Member of the Maine House of Representatives
- In office December 7, 2022 – December 3, 2024
- Preceded by: Randall Hall
- Succeeded by: Dylan Pugh
- Constituency: 114th district
- In office December 7, 2016 – December 7, 2022
- Preceded by: Peter Stuckey
- Succeeded by: Valli Geiger
- Constituency: 42nd district

Personal details
- Born: 1976 (age 49–50) Fort Kent, Maine
- Party: Democratic
- Occupation: Consultant
- Website: Bio

= Benjamin Collings =

American politician from Maine

Benjamin Collings (born 1976) is an American politician from Maine. Collings, a Democrat was first elected to the Maine House of Representatives (District 42) in 2016. A political and business consultant, Collings has worked on various campaigns including most notably as the state director for Bernie Sanders in 2016. He successfully sponsored a bill to rename Columbus Day in favor of Indigenous Peoples' Day.

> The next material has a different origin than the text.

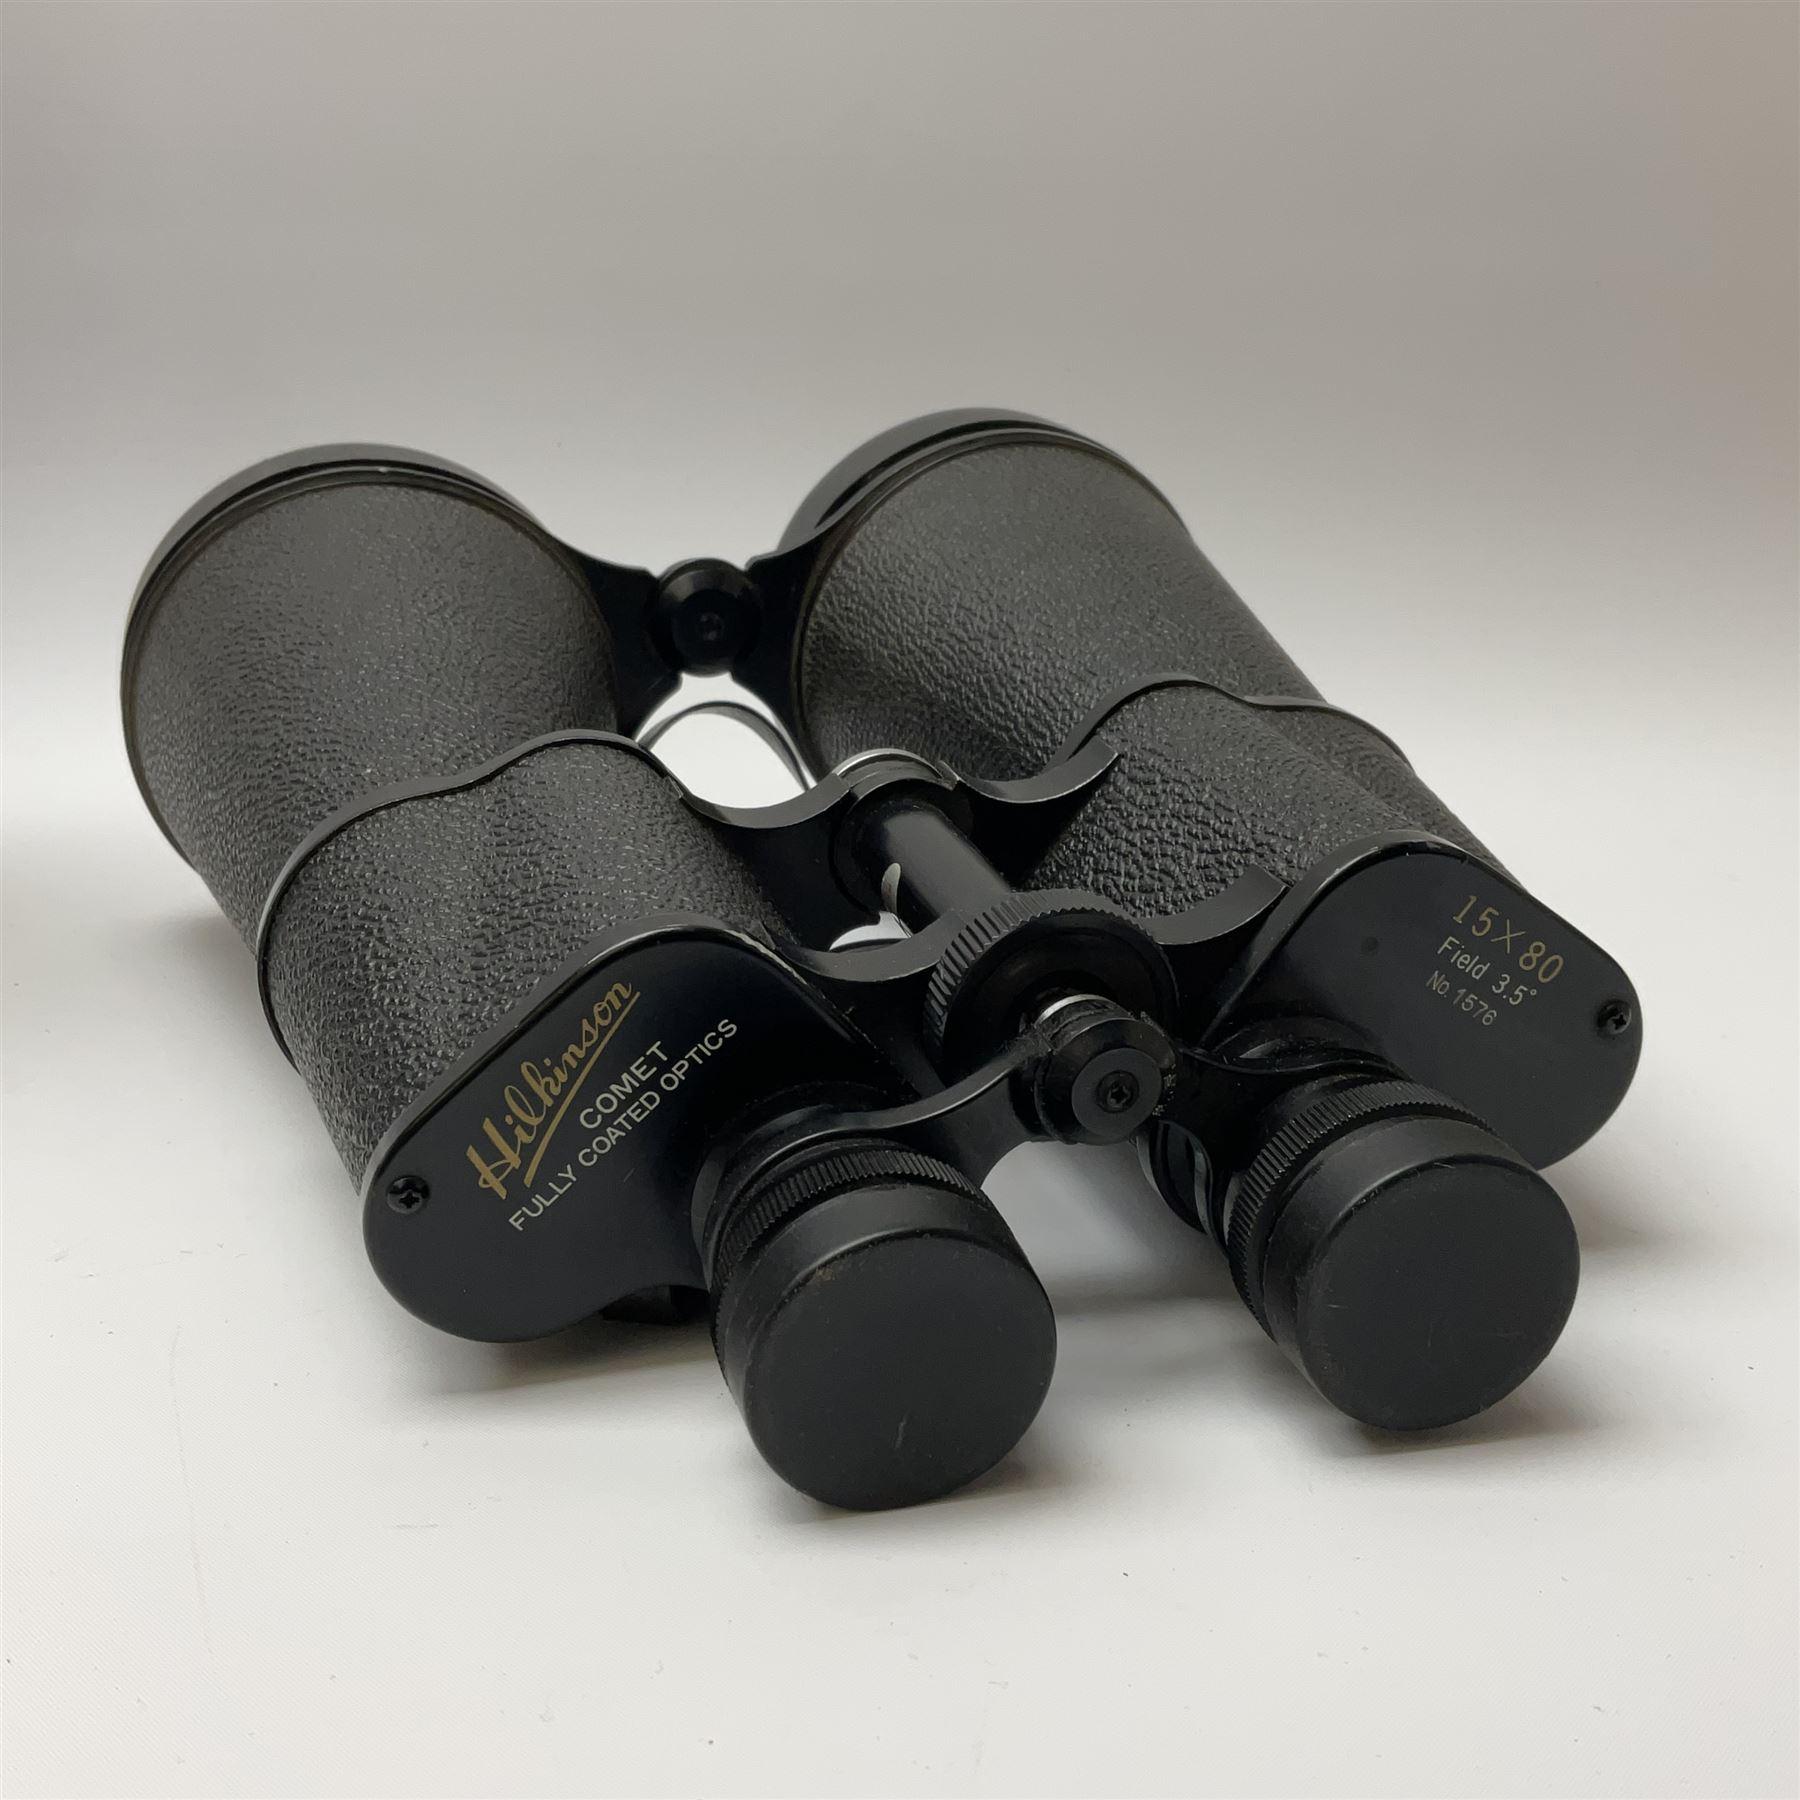 Hilkinson Comet binoculars - Image 2 of 4

Collings grew up in Fort Kent, Maine and earned a social science degree from the University of Maine at Fort Kent. In June 2023 Collings offered an amendment to a Democrat led bill to expand abortion rights in Maine that would limit the legality of post-viability abortions for reasons of lethal fetal anomalies and to protect the mother’s health. For the final house vote to expand abortion access, Collings was absent.

Collings was unable to run in the 2024 Maine House of Representatives election due to term limits.